On The Edge

by | Jan 30, 2019 | News

Scientists Develop New ‘Climate Proof’ Crops with Help of Nuclear Technology

To help protect crop-based food sources, a group of plant breeders, plant physiologists, agronomists and plant biotechnologists and experts from the International Atomic Energy Agency (IAEA), in cooperation with the Food and Agriculture Organization of the United Nations (FAO), teamed up to develop new “climate proof” crop varieties through a five-year IAEA coordinated research project.

The team began by studying how rice and common bean plants react to normal and aberrant — meaning any climate condition to which a variety of crop is not normally adapted to — climate conditions, and identifying genes related to heat tolerance and higher yields. With this information, they targeted plants with desired traits and bred for these traits using irradiation to speed up the natural process of mutation in plants. This breeding process increases diversity of plants’ traits, allowing scientists to more quickly test and select plants with the desired characteristics. The result was a series of ‘climate proof’ rice and common bean plants that can tolerate high temperature conditions better while producing higher yields compared to local varieties.

It’s Like GoPro with the Bees!

Researchers at the University of Washington created a sensor package that is small enough to ride aboard a bumblebee. Because insects can fly on their own, the package requires only a tiny rechargeable battery that could last for seven hours of flight and then charge while the bees are in their hive at night. “Drones can fly for maybe 10 or 20 minutes before they need to charge again, whereas our bees can collect data for hours,” said senior author Shyam Gollakota, an associate professor in the UW’s Paul G. Allen School of Computer Science and Engineering. “We showed for the first time that it’s possible to actually do all this computation and sensing using insects in lieu of drones.” After the bees have finished their day of foraging, they return to their hive where the backpack can upload any data it collected via a method called backscatter, through which a device can share information by reflecting radio waves transmitted from a nearby antenna.

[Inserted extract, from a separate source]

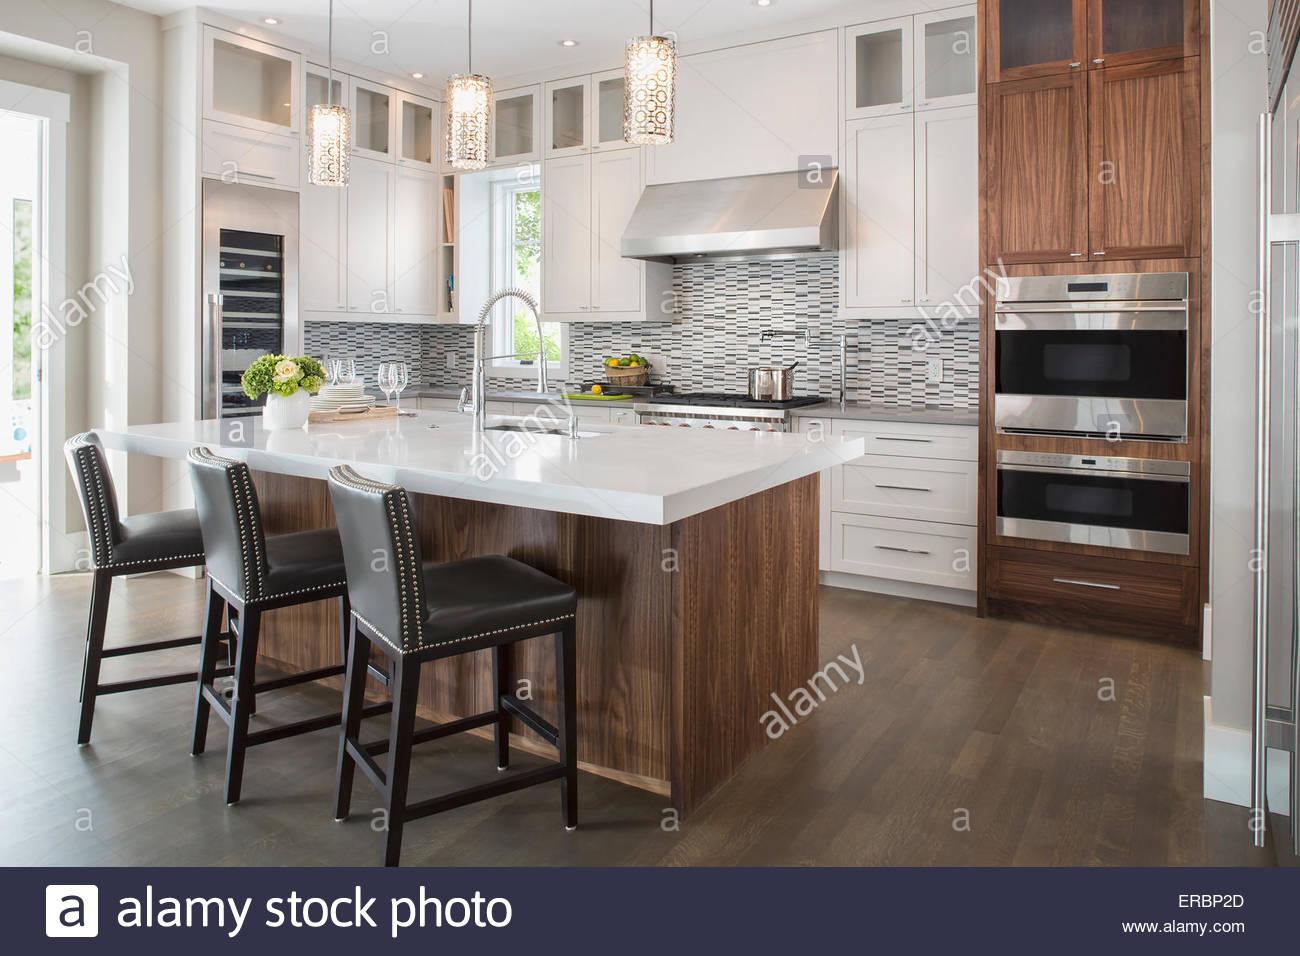 Pendant lights over modern white kitchen island - Stock Image

A ‘Bran’ New Way to Preserve Healthy Food

A natural antioxidant found in grain bran could preserve food longer and replace synthetic antioxidants currently used by the food industry, according to researchers at Penn State. “Currently, there’s a big push within the food industry to replace synthetic ingredients with natural alternatives, and this is being driven by consumers,” says Andrew S. Elder, doctoral candidate in food science. “Consumers want clean labels — they want synthetic chemical-sounding ingredients removed because of the fact that they don’t recognize them, and that some of them (the ingredients) have purported toxicity.” The Penn State researchers studied a class of compounds called alkylresorcinols (AR). Plants such as wheat, rye and barley produce ARs naturally to prevent mold, bacteria and other organisms from growing on the grain kernels. The researchers wondered if ARs could also preserve food in the same way from a chemical standpoint. “Bran is often a waste stream,” said Elder. “We’re taking something that’s usually discarded in a waste stream and turning it into something useful.”